Your assignment: Everything from the line with "The Constitutionality of" to the last line of the listing must be retyped exactly, both ends included, with the pictures dropped.

Data excerpt:

------------------------

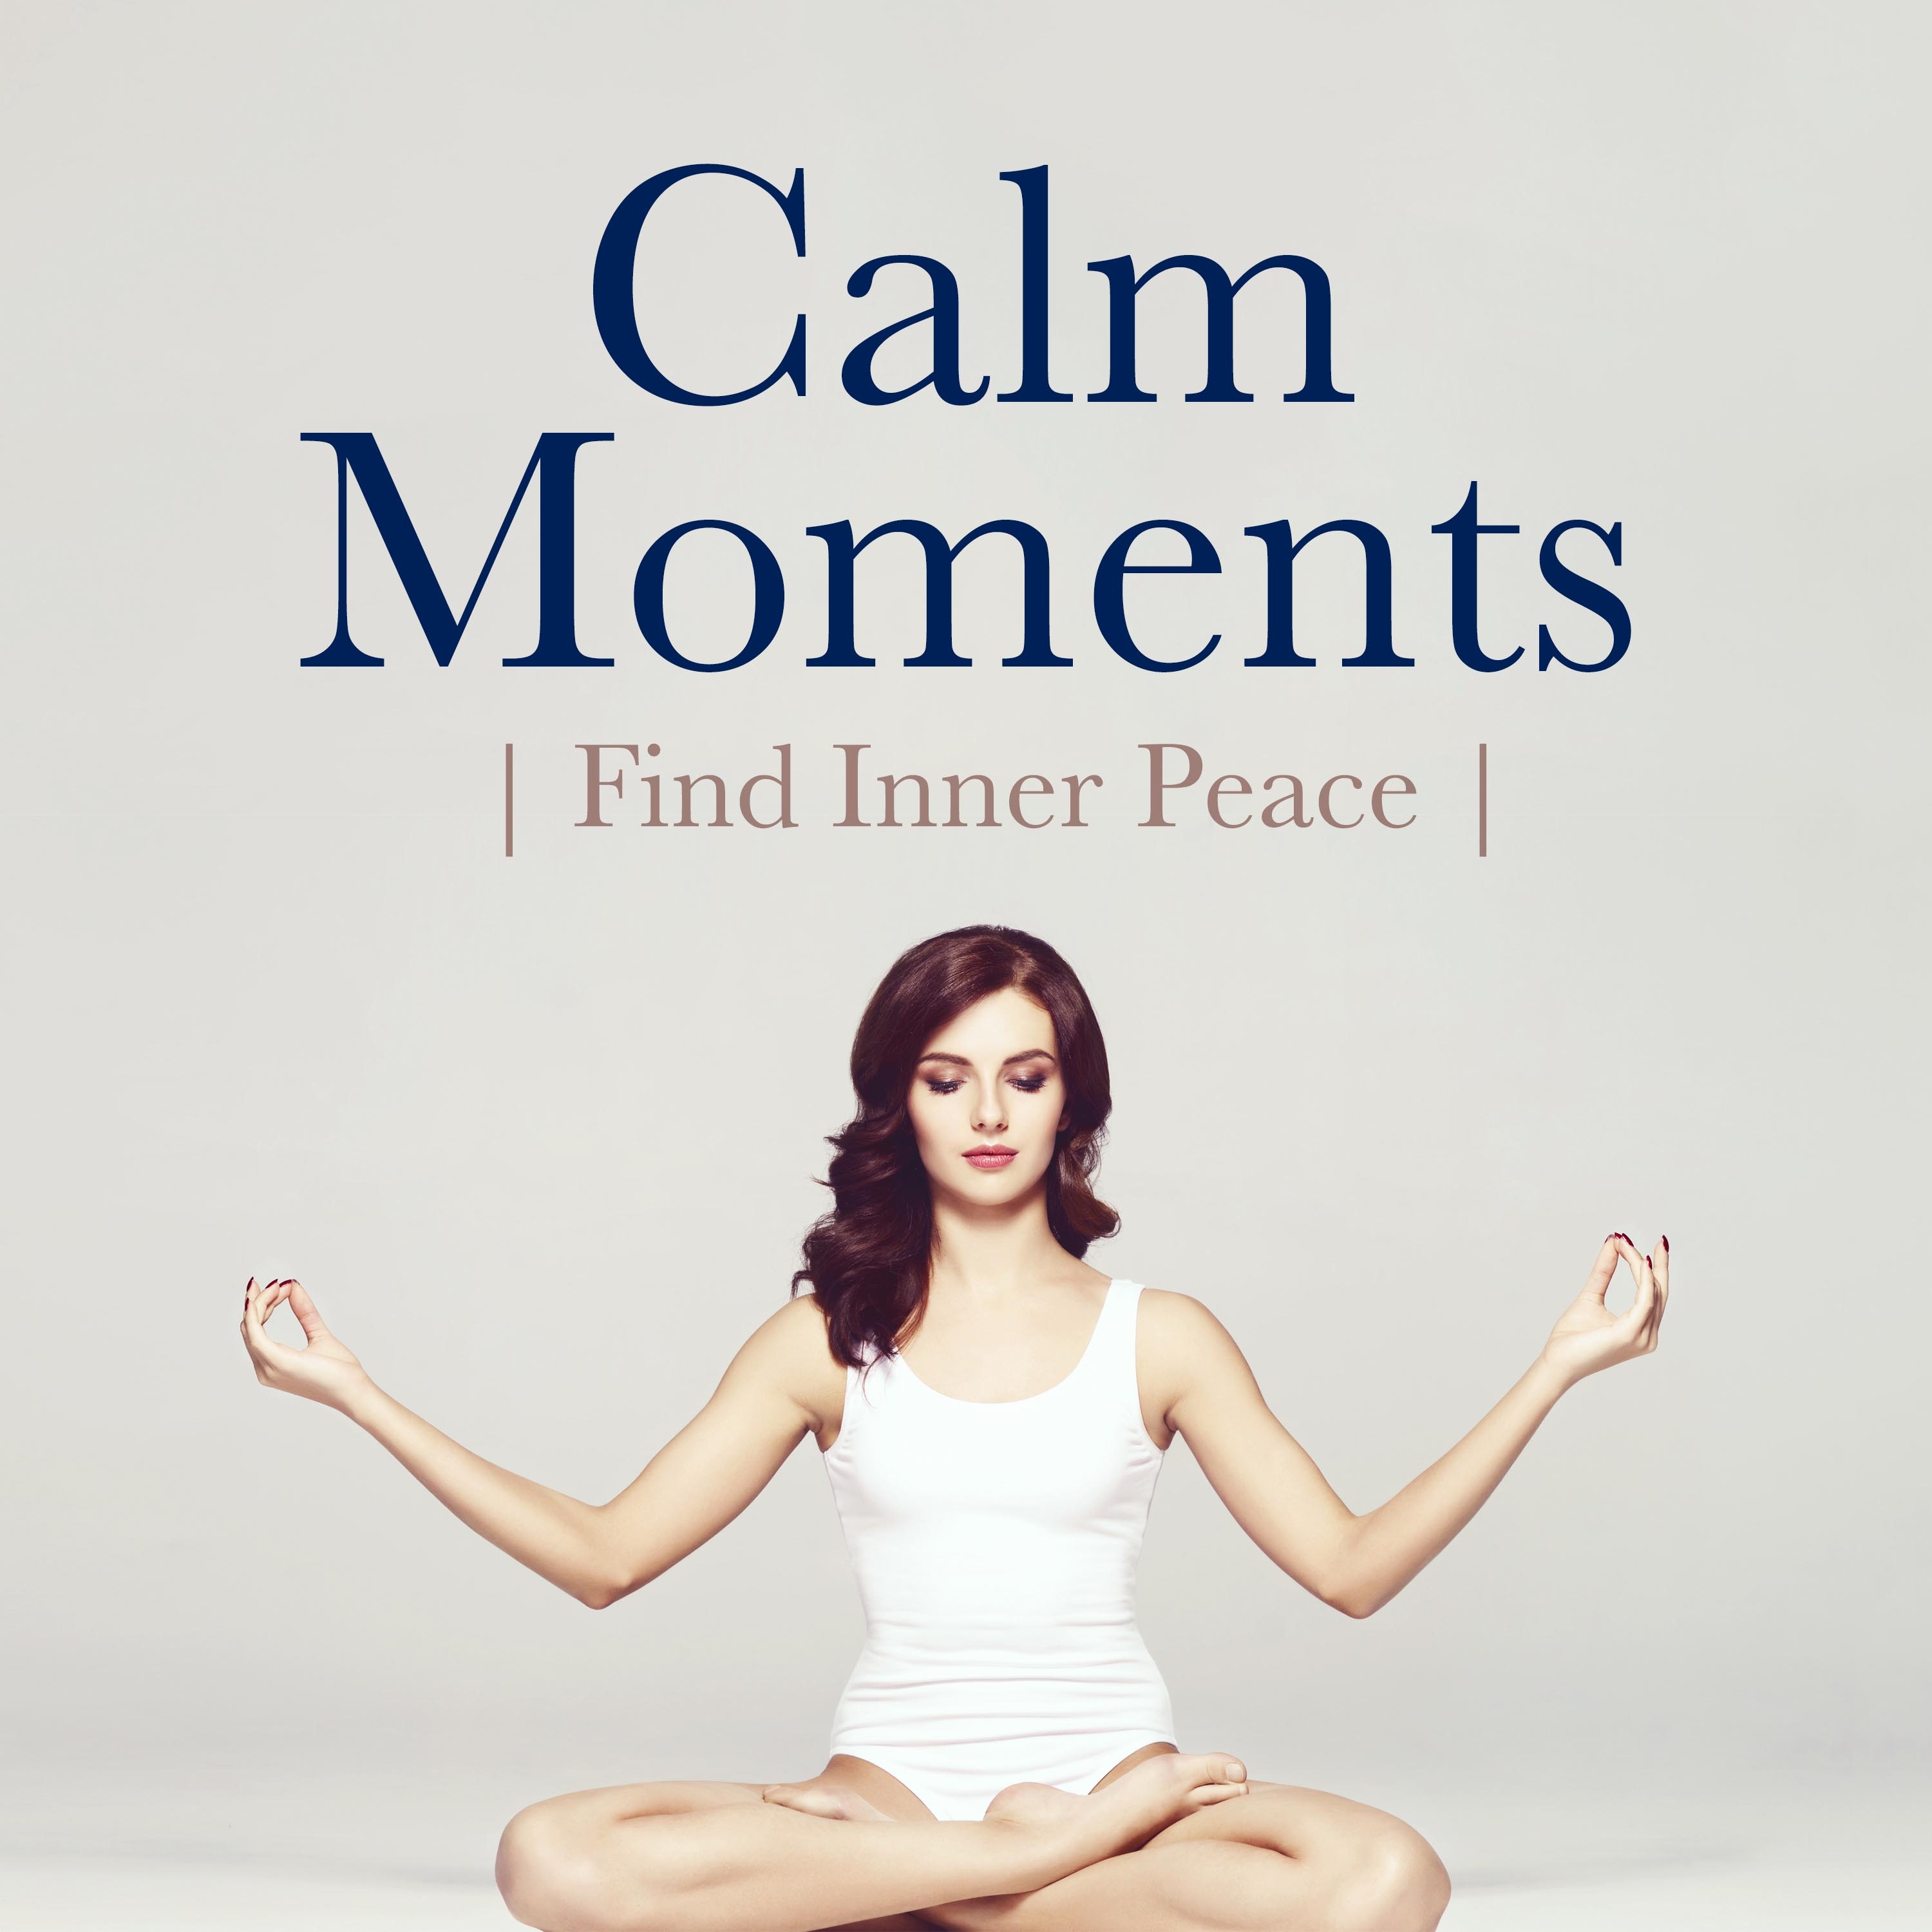 Calm Moments: Dreamy, Relaxing Music to Find Inner Peace
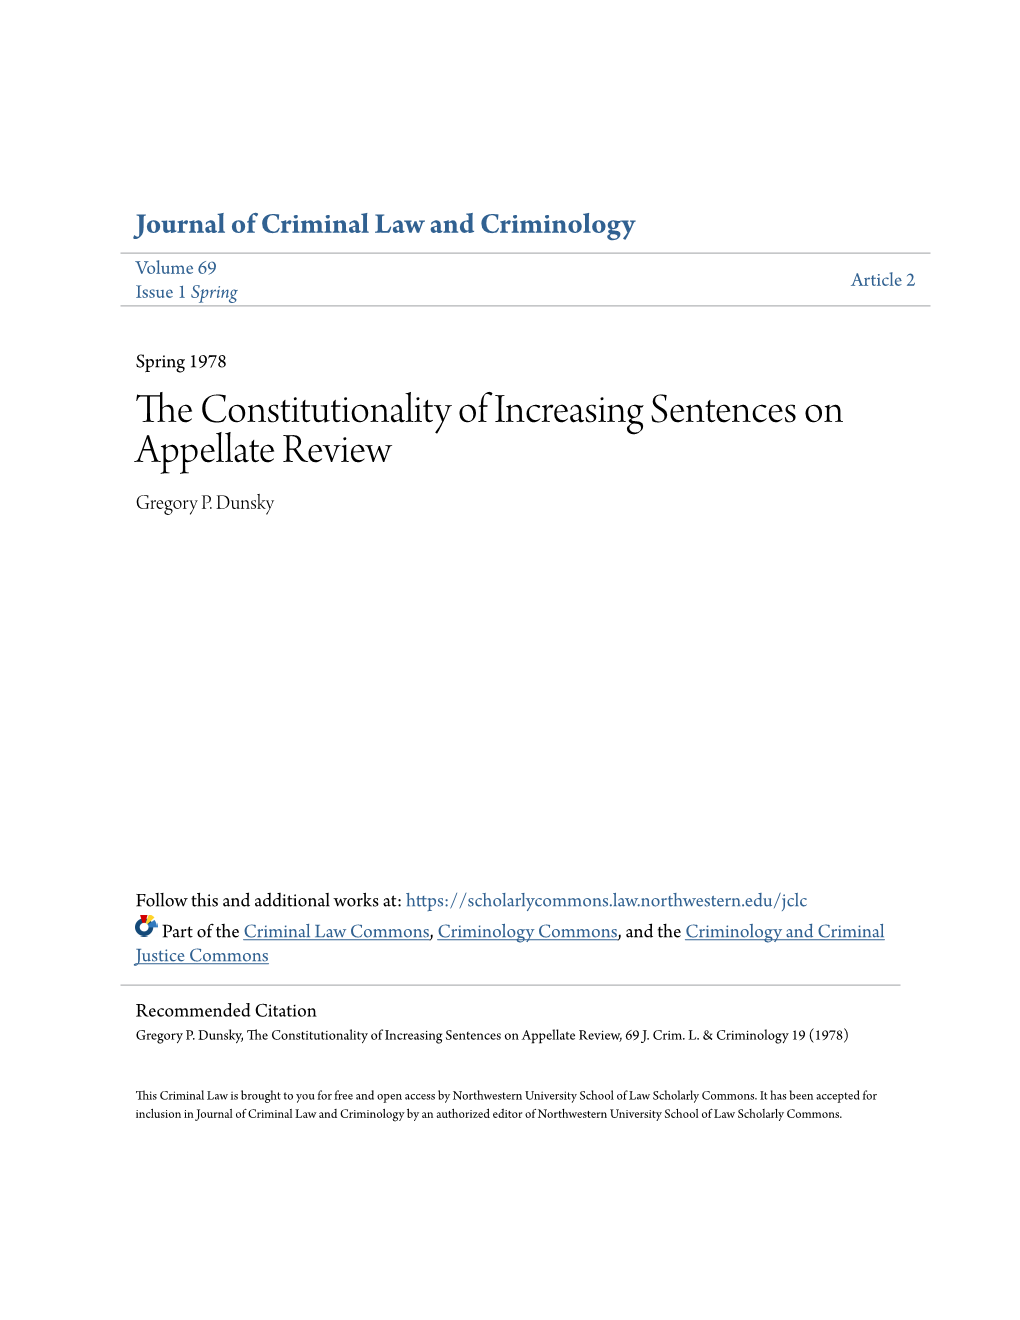 The Constitutionality of Increasing Sentences on Appellate Review
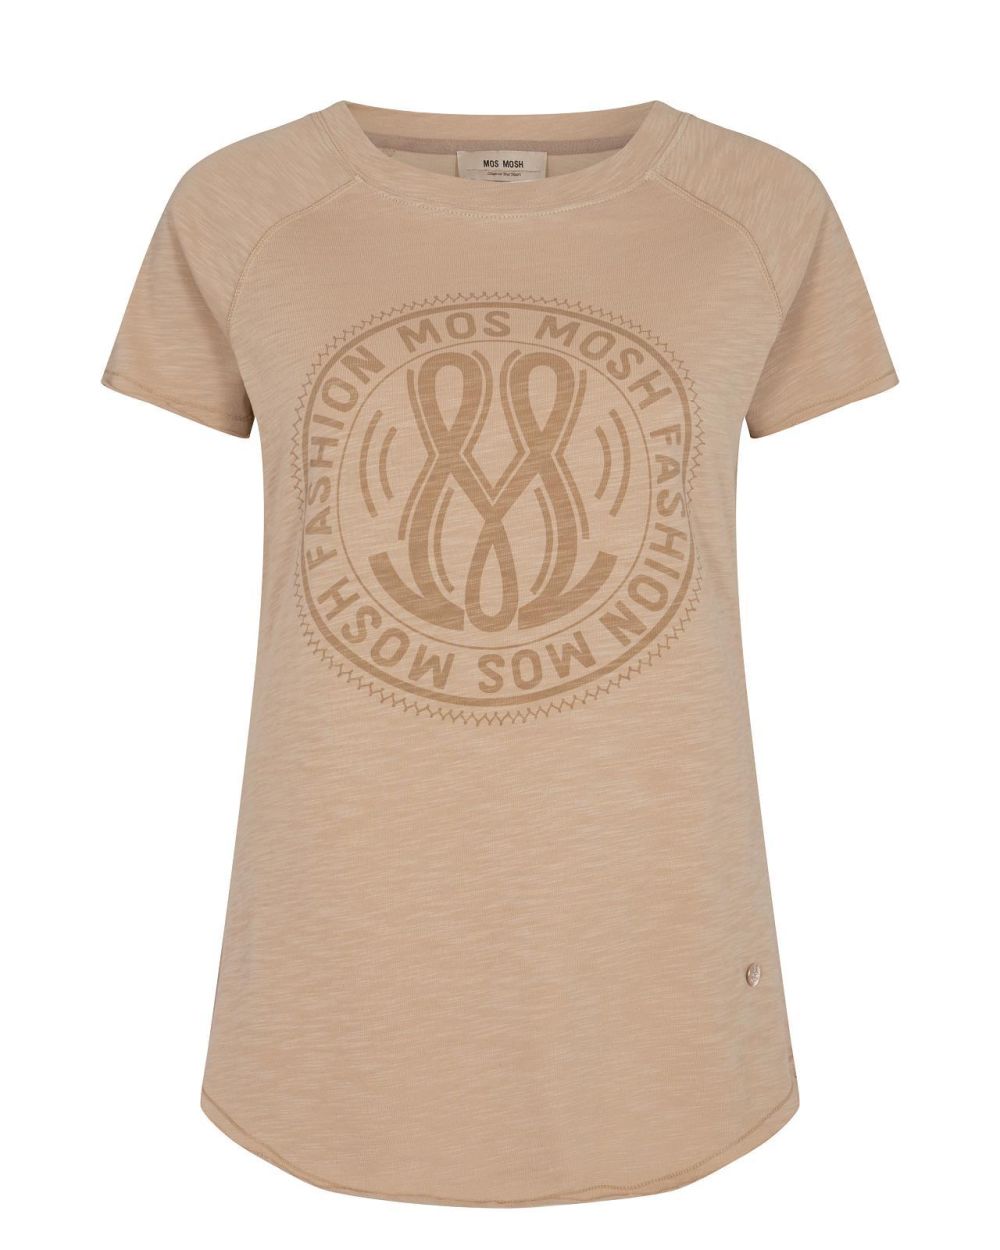 Mos Mosh T-shirt Beige  (144250/708) - Corylie (Roeselare)

------------------------

Result of the task:
 The Constitutionality of Increasing Sentences on Appellate Review
 Mos Mosh T-shirt Beige  (144250/708) - Corylie (Roeselare)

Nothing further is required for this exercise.